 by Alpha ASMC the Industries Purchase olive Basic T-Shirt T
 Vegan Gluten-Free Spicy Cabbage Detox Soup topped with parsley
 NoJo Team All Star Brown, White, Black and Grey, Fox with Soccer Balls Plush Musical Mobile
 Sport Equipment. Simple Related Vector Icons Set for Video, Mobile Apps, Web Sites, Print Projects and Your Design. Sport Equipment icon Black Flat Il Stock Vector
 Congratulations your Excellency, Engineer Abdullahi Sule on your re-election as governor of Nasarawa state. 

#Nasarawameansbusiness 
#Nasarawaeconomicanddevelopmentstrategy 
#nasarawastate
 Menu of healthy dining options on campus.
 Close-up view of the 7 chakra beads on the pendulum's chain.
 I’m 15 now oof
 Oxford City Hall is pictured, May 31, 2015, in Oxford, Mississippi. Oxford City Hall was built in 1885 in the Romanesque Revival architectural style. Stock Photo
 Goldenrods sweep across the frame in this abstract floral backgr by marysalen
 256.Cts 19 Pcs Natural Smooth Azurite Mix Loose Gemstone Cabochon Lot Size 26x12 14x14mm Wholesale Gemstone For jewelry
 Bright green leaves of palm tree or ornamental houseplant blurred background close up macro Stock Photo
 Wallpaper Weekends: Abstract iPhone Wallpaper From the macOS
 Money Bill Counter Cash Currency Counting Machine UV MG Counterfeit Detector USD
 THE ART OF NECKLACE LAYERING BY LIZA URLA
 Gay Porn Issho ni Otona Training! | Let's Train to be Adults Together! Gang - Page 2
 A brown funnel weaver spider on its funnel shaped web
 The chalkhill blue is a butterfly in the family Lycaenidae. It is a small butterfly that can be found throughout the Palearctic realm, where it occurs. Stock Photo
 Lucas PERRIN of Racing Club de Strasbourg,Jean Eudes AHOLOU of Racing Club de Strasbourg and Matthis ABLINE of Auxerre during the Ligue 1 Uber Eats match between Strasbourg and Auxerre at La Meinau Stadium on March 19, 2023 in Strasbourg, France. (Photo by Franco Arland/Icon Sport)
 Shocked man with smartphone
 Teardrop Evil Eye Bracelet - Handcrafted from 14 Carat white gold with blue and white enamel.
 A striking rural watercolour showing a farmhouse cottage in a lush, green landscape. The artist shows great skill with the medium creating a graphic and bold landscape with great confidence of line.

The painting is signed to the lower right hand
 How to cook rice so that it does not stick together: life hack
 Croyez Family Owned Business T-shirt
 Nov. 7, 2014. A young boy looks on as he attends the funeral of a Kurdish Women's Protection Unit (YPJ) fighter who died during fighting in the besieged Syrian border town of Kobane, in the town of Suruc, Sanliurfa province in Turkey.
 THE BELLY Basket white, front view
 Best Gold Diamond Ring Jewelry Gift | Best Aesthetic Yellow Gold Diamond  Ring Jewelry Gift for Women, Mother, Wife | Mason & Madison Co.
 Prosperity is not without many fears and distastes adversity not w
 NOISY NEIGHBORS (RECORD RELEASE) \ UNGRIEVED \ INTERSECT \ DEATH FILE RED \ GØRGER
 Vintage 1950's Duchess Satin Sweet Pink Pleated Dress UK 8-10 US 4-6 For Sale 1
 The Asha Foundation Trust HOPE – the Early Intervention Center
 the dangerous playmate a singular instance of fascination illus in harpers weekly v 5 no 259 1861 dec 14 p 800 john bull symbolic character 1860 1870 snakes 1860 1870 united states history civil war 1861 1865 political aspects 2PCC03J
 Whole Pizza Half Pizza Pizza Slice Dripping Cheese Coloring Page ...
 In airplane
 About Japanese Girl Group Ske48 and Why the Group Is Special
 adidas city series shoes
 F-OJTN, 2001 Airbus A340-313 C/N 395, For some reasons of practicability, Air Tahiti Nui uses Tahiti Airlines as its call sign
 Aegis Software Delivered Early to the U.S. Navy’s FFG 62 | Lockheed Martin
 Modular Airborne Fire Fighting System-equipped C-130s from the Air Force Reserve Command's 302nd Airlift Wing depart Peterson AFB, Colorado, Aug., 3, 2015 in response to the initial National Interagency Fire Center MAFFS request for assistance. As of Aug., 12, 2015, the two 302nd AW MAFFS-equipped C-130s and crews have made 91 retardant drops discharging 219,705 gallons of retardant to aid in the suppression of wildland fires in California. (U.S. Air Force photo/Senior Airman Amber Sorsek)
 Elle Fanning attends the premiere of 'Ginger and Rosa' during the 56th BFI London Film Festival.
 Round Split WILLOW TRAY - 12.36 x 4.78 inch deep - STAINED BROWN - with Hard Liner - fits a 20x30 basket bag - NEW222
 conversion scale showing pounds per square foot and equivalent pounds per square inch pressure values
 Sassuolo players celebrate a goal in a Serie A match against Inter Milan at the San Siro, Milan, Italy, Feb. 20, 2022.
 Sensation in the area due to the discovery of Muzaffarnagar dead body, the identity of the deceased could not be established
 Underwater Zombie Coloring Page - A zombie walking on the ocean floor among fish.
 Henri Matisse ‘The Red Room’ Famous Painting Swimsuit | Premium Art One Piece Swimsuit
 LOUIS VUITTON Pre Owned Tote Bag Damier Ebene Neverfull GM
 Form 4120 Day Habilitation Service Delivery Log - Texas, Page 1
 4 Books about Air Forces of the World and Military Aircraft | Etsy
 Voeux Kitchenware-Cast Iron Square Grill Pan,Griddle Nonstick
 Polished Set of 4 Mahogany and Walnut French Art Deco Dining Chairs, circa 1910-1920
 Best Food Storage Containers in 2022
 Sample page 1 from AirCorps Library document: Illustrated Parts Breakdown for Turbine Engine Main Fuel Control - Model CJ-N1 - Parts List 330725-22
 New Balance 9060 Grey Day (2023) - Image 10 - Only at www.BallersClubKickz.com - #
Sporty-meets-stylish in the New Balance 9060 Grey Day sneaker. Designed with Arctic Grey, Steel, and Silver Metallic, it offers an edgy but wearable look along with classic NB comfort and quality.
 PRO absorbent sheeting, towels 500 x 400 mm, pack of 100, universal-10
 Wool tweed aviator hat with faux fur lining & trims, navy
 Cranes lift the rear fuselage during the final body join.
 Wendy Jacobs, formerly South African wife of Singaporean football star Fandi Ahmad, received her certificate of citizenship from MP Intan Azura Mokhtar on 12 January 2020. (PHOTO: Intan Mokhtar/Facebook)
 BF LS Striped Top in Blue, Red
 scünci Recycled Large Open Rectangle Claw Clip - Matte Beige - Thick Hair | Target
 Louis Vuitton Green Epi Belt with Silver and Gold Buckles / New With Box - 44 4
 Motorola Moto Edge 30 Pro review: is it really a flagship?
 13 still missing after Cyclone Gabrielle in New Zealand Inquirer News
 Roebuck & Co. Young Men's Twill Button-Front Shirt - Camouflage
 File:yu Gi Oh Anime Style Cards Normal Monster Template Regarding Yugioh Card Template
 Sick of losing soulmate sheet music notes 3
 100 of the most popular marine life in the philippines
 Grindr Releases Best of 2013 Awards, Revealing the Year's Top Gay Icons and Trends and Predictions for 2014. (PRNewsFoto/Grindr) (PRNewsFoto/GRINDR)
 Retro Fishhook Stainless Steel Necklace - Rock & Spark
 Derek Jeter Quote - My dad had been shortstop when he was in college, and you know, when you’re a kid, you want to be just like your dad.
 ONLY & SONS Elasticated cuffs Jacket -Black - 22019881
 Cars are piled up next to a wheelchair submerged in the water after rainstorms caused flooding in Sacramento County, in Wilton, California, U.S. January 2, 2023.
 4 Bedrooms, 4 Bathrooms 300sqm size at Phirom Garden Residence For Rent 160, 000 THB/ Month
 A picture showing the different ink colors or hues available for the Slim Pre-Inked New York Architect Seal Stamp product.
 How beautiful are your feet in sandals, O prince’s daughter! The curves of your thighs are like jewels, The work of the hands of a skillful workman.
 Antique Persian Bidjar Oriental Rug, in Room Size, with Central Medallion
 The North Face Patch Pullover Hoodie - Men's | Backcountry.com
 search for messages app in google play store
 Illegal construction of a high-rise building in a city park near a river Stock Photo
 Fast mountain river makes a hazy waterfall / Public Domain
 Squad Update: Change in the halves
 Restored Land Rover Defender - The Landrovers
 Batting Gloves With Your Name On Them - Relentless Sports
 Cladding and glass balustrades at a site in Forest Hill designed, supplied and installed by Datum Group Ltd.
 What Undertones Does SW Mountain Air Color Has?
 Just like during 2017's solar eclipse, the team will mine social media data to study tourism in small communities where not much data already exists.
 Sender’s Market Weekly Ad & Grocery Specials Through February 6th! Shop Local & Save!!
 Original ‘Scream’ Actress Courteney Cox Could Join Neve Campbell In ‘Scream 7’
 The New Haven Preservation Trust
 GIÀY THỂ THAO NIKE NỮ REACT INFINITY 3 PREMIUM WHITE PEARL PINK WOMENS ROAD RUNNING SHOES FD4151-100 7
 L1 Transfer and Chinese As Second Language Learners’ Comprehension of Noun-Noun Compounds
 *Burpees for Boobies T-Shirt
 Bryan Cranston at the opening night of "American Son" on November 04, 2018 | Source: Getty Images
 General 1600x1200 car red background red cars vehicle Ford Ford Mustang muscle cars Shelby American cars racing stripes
....................
--- DESCRIPTION OF THE TASK ---
If a line falls between the first line of the records and the line containing "I’m 15 now oof", inclusive, repeat it exactly; leave out all others.

--- RESULT OF THE TASK ---
 by Alpha ASMC the Industries Purchase olive Basic T-Shirt T
 Vegan Gluten-Free Spicy Cabbage Detox Soup topped with parsley
 NoJo Team All Star Brown, White, Black and Grey, Fox with Soccer Balls Plush Musical Mobile
 Sport Equipment. Simple Related Vector Icons Set for Video, Mobile Apps, Web Sites, Print Projects and Your Design. Sport Equipment icon Black Flat Il Stock Vector
 Congratulations your Excellency, Engineer Abdullahi Sule on your re-election as governor of Nasarawa state. 

#Nasarawameansbusiness 
#Nasarawaeconomicanddevelopmentstrategy 
#nasarawastate
 Menu of healthy dining options on campus.
 Close-up view of the 7 chakra beads on the pendulum's chain.
 I’m 15 now oof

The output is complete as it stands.